AKURAT.CO Penembakan terjadi di sebuah gedung apartemen bertingkat di pusat kota Minneapolis, Amerika Serikat, pada Rabu sore. Insiden tersebut menewaskan dua orang, sementara terduga pelaku juga ditemukan dalam kondisi tewas.

Tiga polisi Minneapolis turut terluka dalam penanganan insiden tersebut. Dua di antaranya mengalami luka akibat tembakan.

Hennepin County Medical Center menyatakan ketiga polisi berada dalam kondisi stabil setelah mendapatkan perawatan medis.

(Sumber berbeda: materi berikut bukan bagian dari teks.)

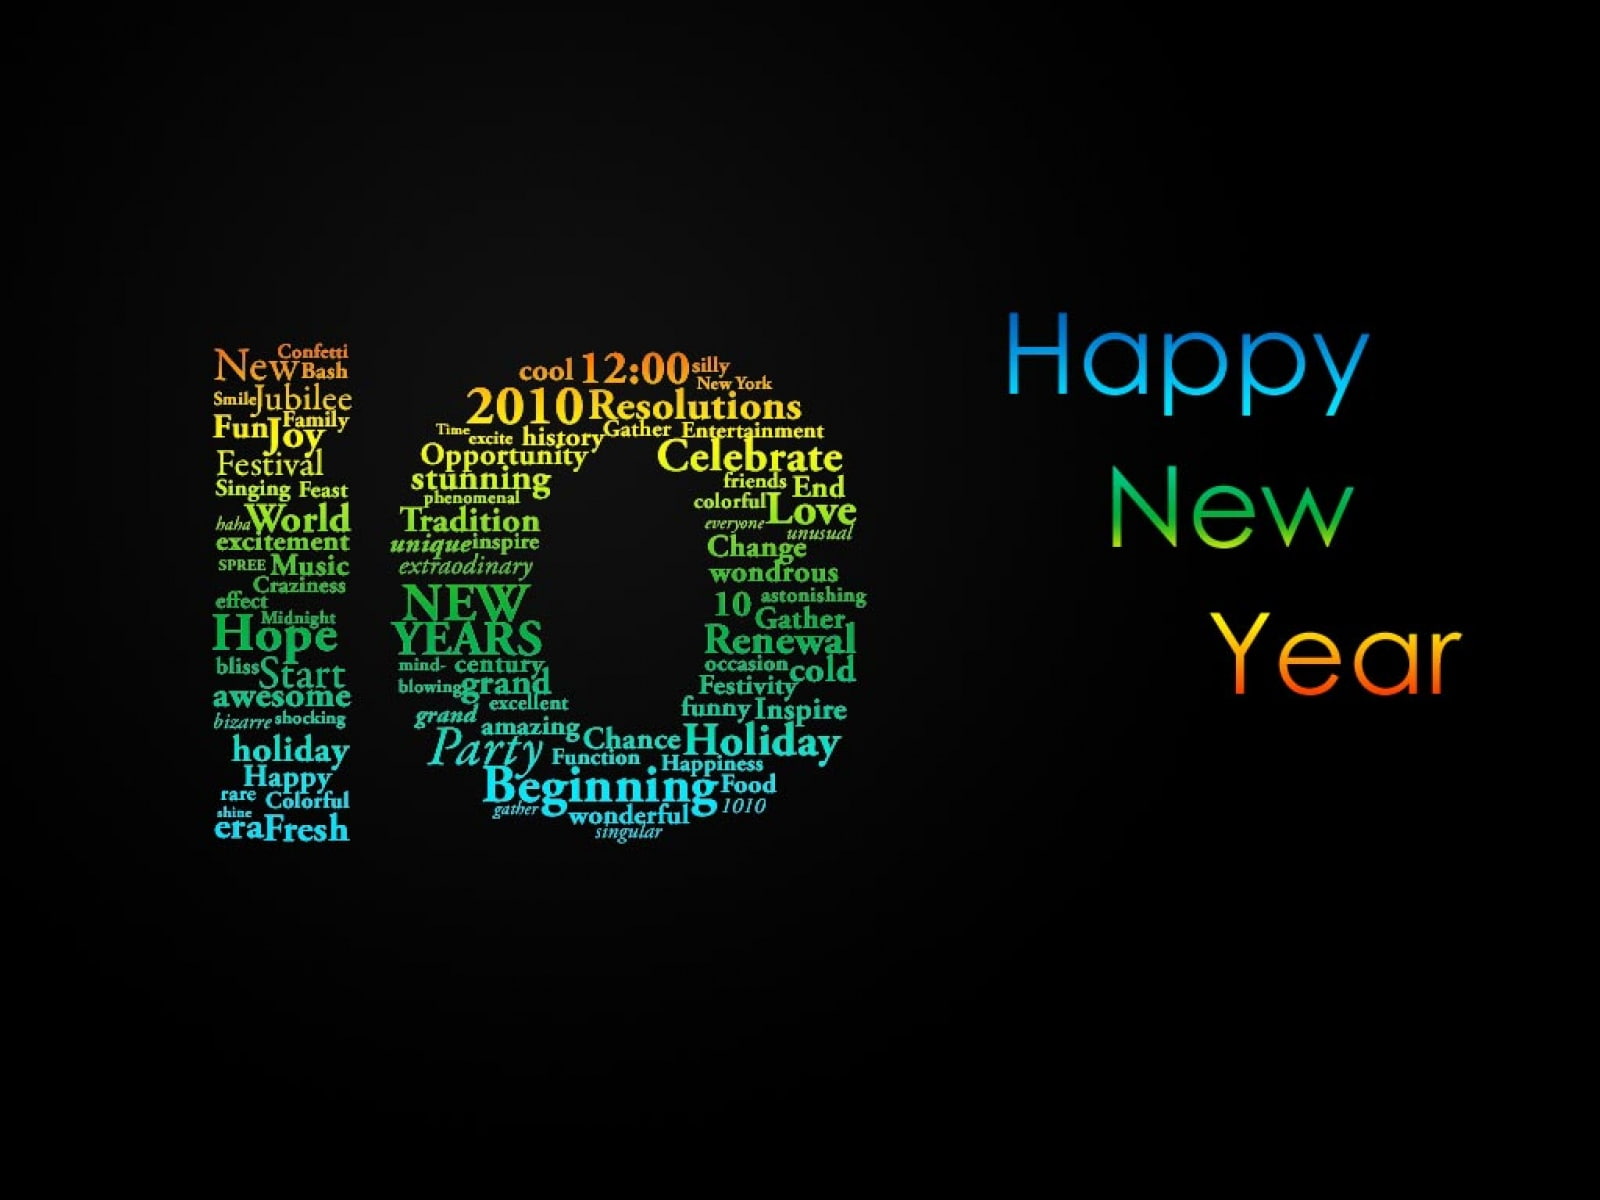 Welcome New Year 2010 HD, happy new year text, celebrations
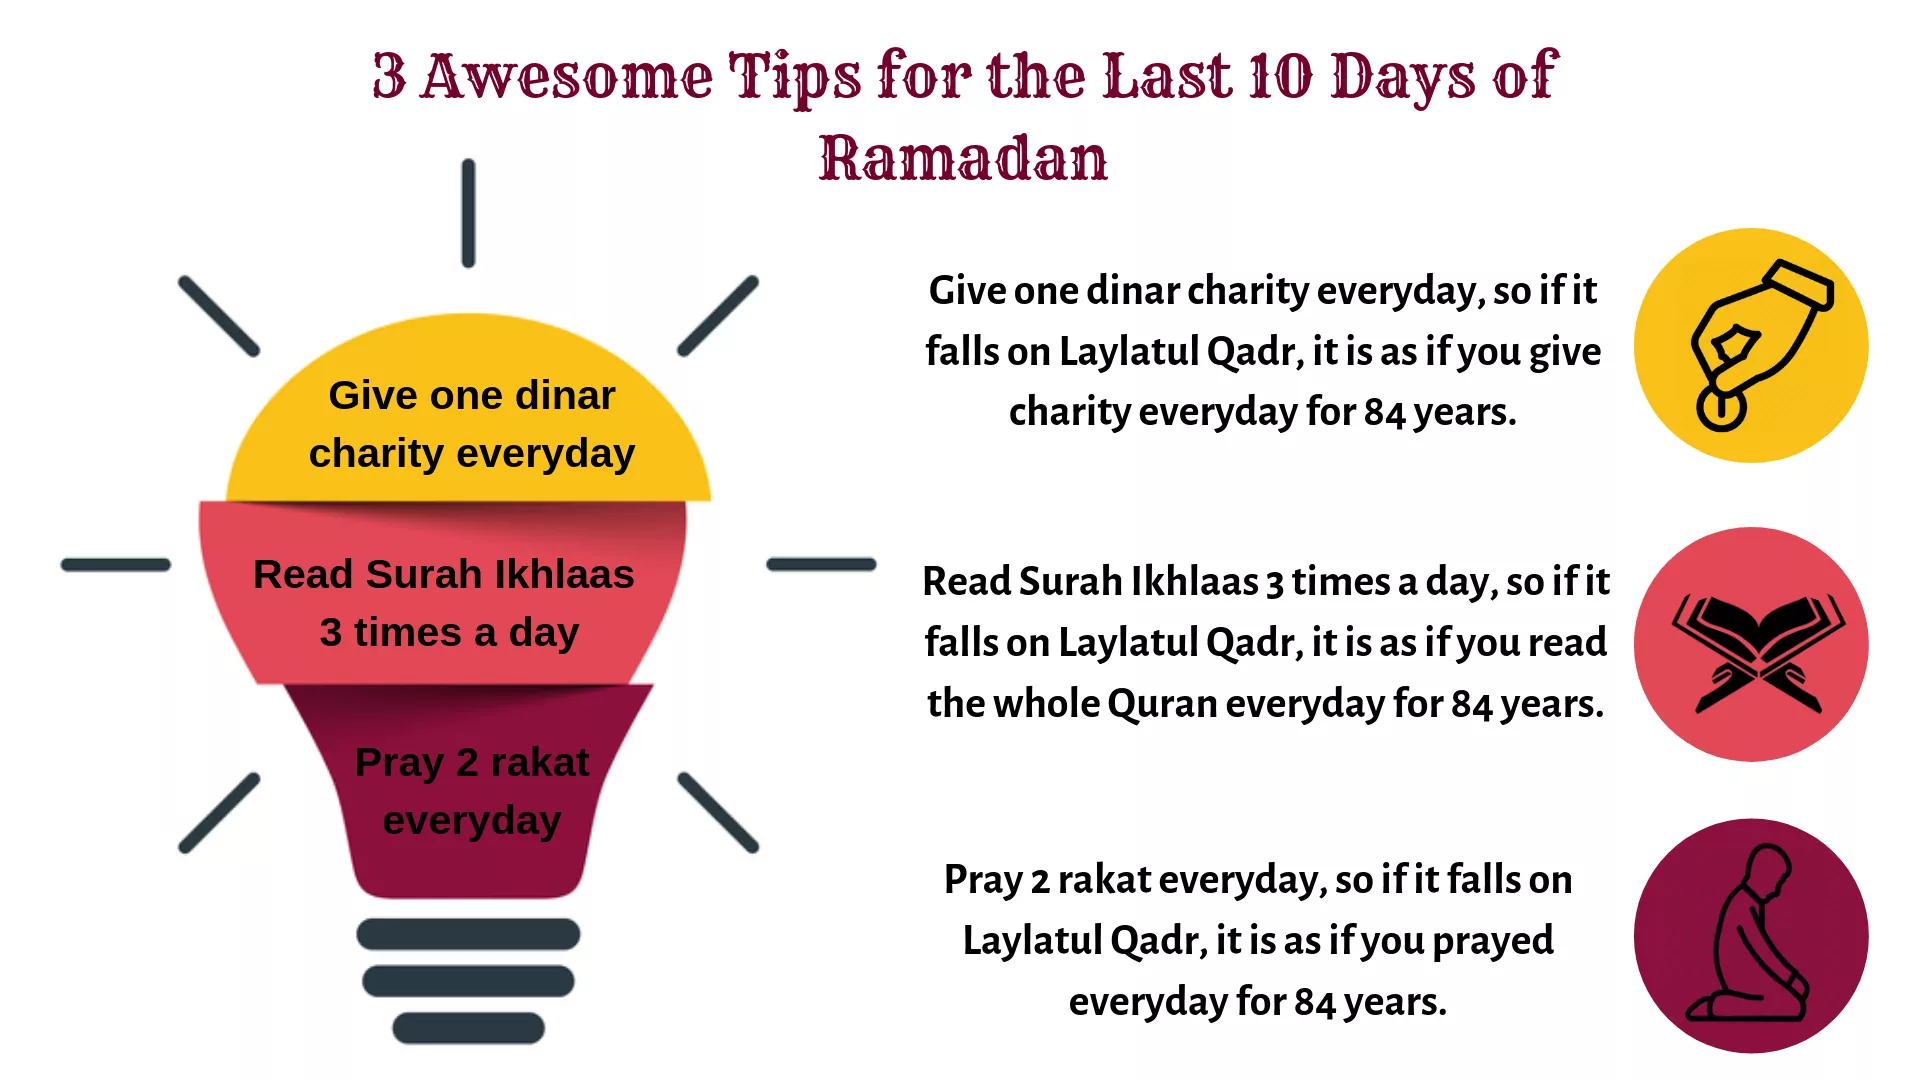 3 Awesome Tips for the Last 10 Days of Ramadan

Polisi menerima panggilan darurat 911 yang melaporkan adanya suara tembakan sesaat setelah pukul 16.30 waktu setempat. Petugas kemudian tiba dan memasuki gedung sekitar tiga menit setelah laporan diterima.

Di dalam gedung, polisi menemukan sejumlah korban. Petugas kemudian kembali mendengar suara tembakan dan mengikuti sumber suara tersebut menuju lantai yang lebih tinggi.

Sersan Polisi Minneapolis Garrett Parten mengatakan petugas menghadapi kondisi yang sangat sulit karena adanya kabut atau asap tebal yang secara signifikan membatasi jarak pandang.

Satu korban dinyatakan meninggal di lokasi kejadian. Korban lainnya sempat dibawa ke rumah sakit, tetapi nyawanya tidak tertolong.

Hingga Rabu malam, polisi belum memastikan bagaimana pelaku meninggal.

Hennepin County Medical Center mengatakan rumah sakit menerima total tujuh pasien terkait insiden tersebut. Namun, pihak rumah sakit belum memberikan informasi lebih lanjut mengenai kondisi korban lainnya.

“Ini adalah peristiwa yang sangat tragis. Pikiran dan doa kami bersama keluarga dan orang-orang terkasih dari mereka yang kehilangan nyawa, mereka yang terluka, serta para petugas yang terluka dan keluarga mereka,” kata Parten dalam konferensi pers Rabu malam.

Warga Mengaku Melihat Pria Membawa Pistol

Sejumlah penghuni apartemen mengaku mendengar rentetan suara tembakan saat kejadian berlangsung.

Julius Bailey, seorang penghuni yang sedang berada di luar gedung apartemennya, mengatakan dirinya mendengar suara tembakan dan melihat seorang pria yang dikenalnya sebagai penghuni gedung membawa pistol.